Dom Lindomar Rocha Mota
Bispo de São Luís de Montes Belos (GO)
No quarto Domingo do Advento, a Igreja já não fala do avolumar da esperança, mas do limiar de um acontecimento. O tempo estreitou-se e o mundo já escuta os passos de quem chega. Por isso, o Evangelho nos oferece uma cena íntima na delicadeza de uma casa, de um noivado, do coração humano atravessado pelo mistério de Deus.
Mateus apresenta José como um homem de sentimentos profundos, um justo! Alguém para o qual a Lei não é uma arma, mas uma forma de reverência. Por isso, o drama o ronda diante da necessidade de uma decisão difícil.
Veio a acontecer que Maria, sua prometida esposa, aparece grávida “antes de coabitarem” (Mt 1,18). Num mundo em que a vida podia ser tirada por um boato, José se vê encurralado entre os dois abismos de expô-la publicamente e ferir aquilo que mais amava, ou romper em silêncio e desobedecer à lei.
O Evangelho diz que ele “resolveu deixá-la em segredo” (Mt 1,19). A teologia católica percebe algo do Mistério nesse gesto.
Há leituras antigas, recolhidas pela tradição patrística, que enxergam no seu recuo a prudência diante do escândalo, mas também uma espécie de temor sagrado, como quem se percebe pequeno diante da obra de Deus e, por reverência, se retira.
É então que o anjo lhe vem. A Anunciação, no relato de Mateus, acontece no domínio interior da reflexão. “Enquanto ele pensava nisso…” (Mt 1,20) Deus lhe apareceu, pois onde a pessoa humana reflete, calcula, tenta salvar o que pode, Deus aí está.
A recomendação do anjo para não temer é um convite a aprofundar a fé; não é uma explicação. A tradição nota que o anjo não diz “não suspeites”, mas “não temas”, porque, para José, não se tratava apenas de entender; tratava-se de atravessar um medo real. Medo de errar diante de Deus, medo de destruir a vida de Maria, medo de desobedecer à lei.

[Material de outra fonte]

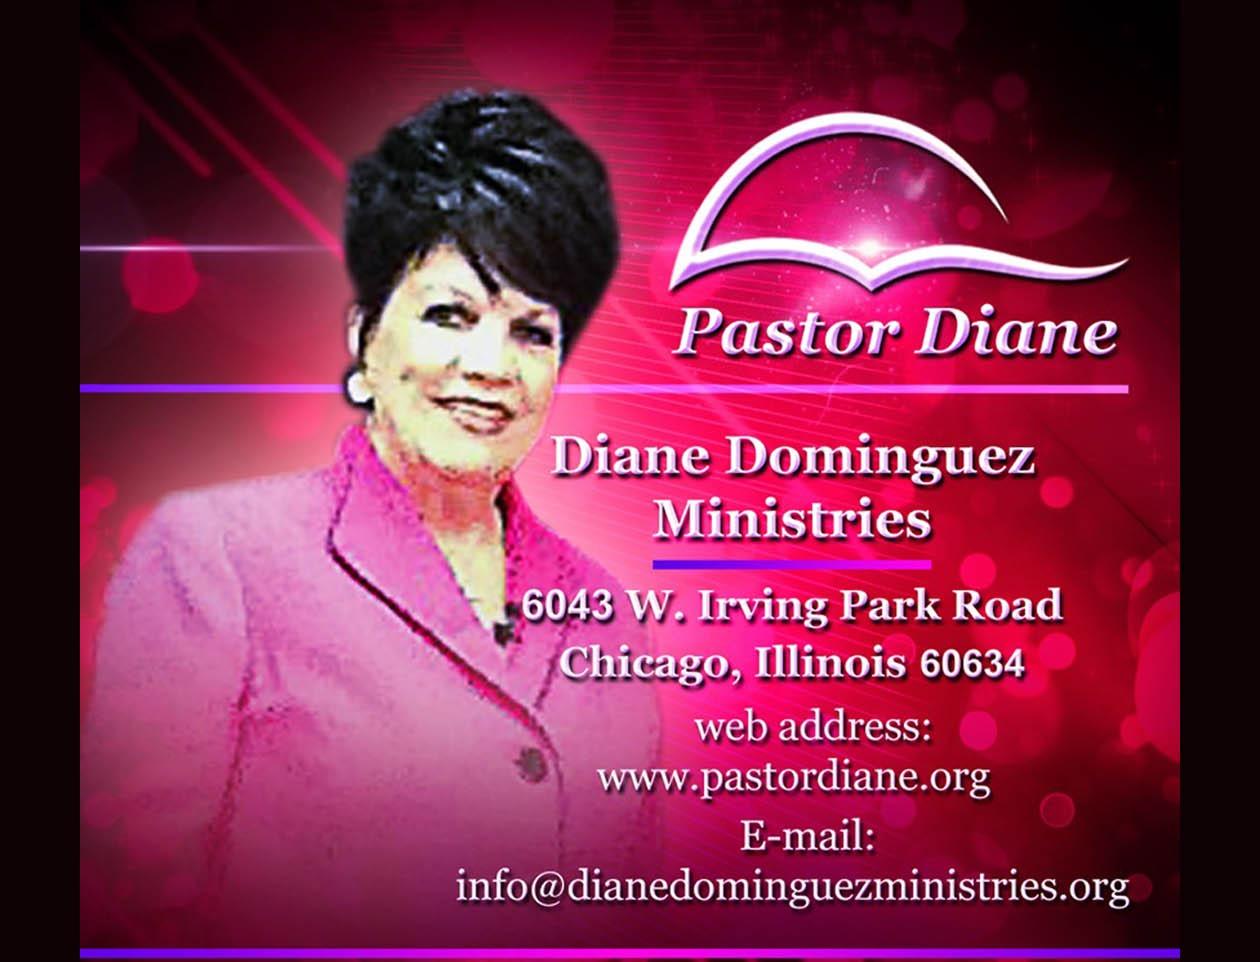 Pastor Diane Dominguez

Enquanto, para Maria, o anúncio do anjo é Boa-Nova em forma de Evento, para José é o anúncio da salvação concreta de uma situação pessoal. É a mão de Deus entrando no instante em que a honra, o amor e a lealdade podiam ser destruídos pela interpretação humana. Um pré-anúncio de que Deus está entrando na história.

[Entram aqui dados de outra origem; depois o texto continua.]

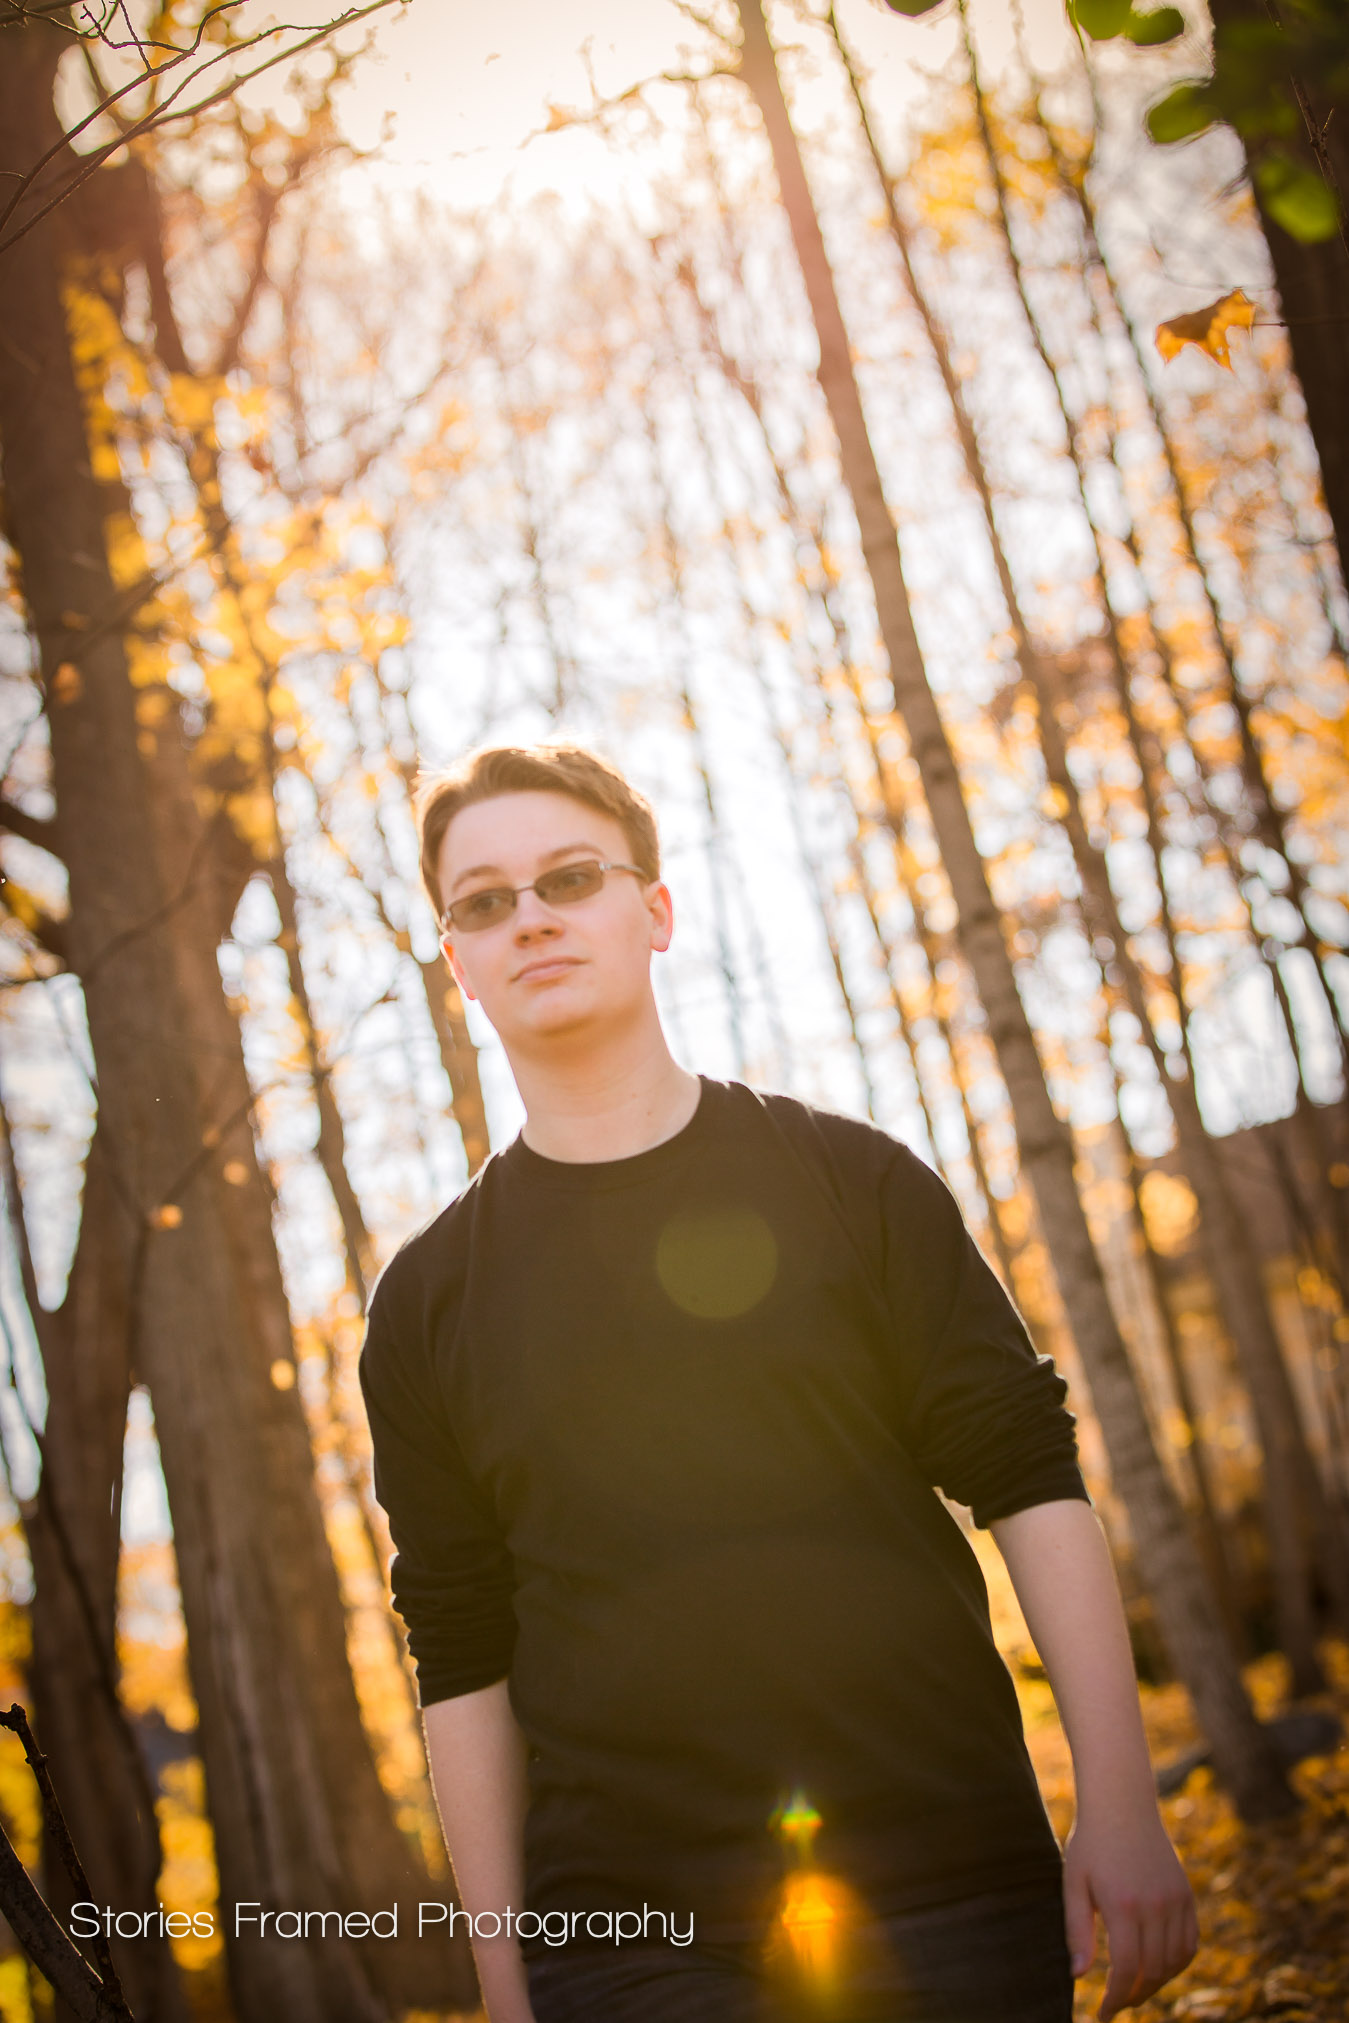 Nathan-Hale-HS-class-of-2017-fall-sunshine

Ao contemplar esse acontecimento, João Paulo II observa que José “recebeu” Maria “com todo o mistério da sua maternidade”, e que sua disponibilidade tem uma analogia profunda com o sim dela, pois ambos consentem, cada um à sua maneira, no que Deus lhe pede. O Papa Francisco, ao ler esse movimento interior, descreve José como mestre de um acolhimento da vida “como ela é”, inclusive com “contradições, imprevistos e desilusões” para descobrir um significado oculto que Deus revela nessas situações limítrofes.
José “fez como o anjo do Senhor lhe ordenara” (Mt 1,24). Momento no qual ele não está apenas “aceitando” Maria; está salvando Maria do tribunal dos olhares, salvando a criança do anonimato legal, salvando a própria história da amargura. E está, sobretudo, sendo salvo. Salvo da tentação de interpretar sozinho o que só pode ser compreendido em Deus; salvo do orgulho de decidir sem escutar; salvo do desespero de achar que a pureza de Maria era uma acusação contra ele. O anúncio a José é a misericórdia de Deus aplicada ao concreto da vida quando a vida parece perdida.
Então o anjo lhe confiou algo mais, ao dizer: “Tu lhe porás o nome de Jesus” (Mt 1,21). Nomear é assumir responsabilidade, é inserir na história e José passa a participar do Mistério pela obediência e lealdade. Ele é introduzido no centro da Encarnação pelo exigente caminho da fidelidade que transforma um homem justo em guardião dos desígnios de Deus.
E, assim, quando se fala da Anunciação, é preciso lembrar que há uma alegria que canta em Maria e há uma alegria que resgata em José, pois Deus não vem apenas para gerar um Filho no mundo; vem também para redimir as histórias humanas das suas tragédias e fazer delas morada de seu próprio amor.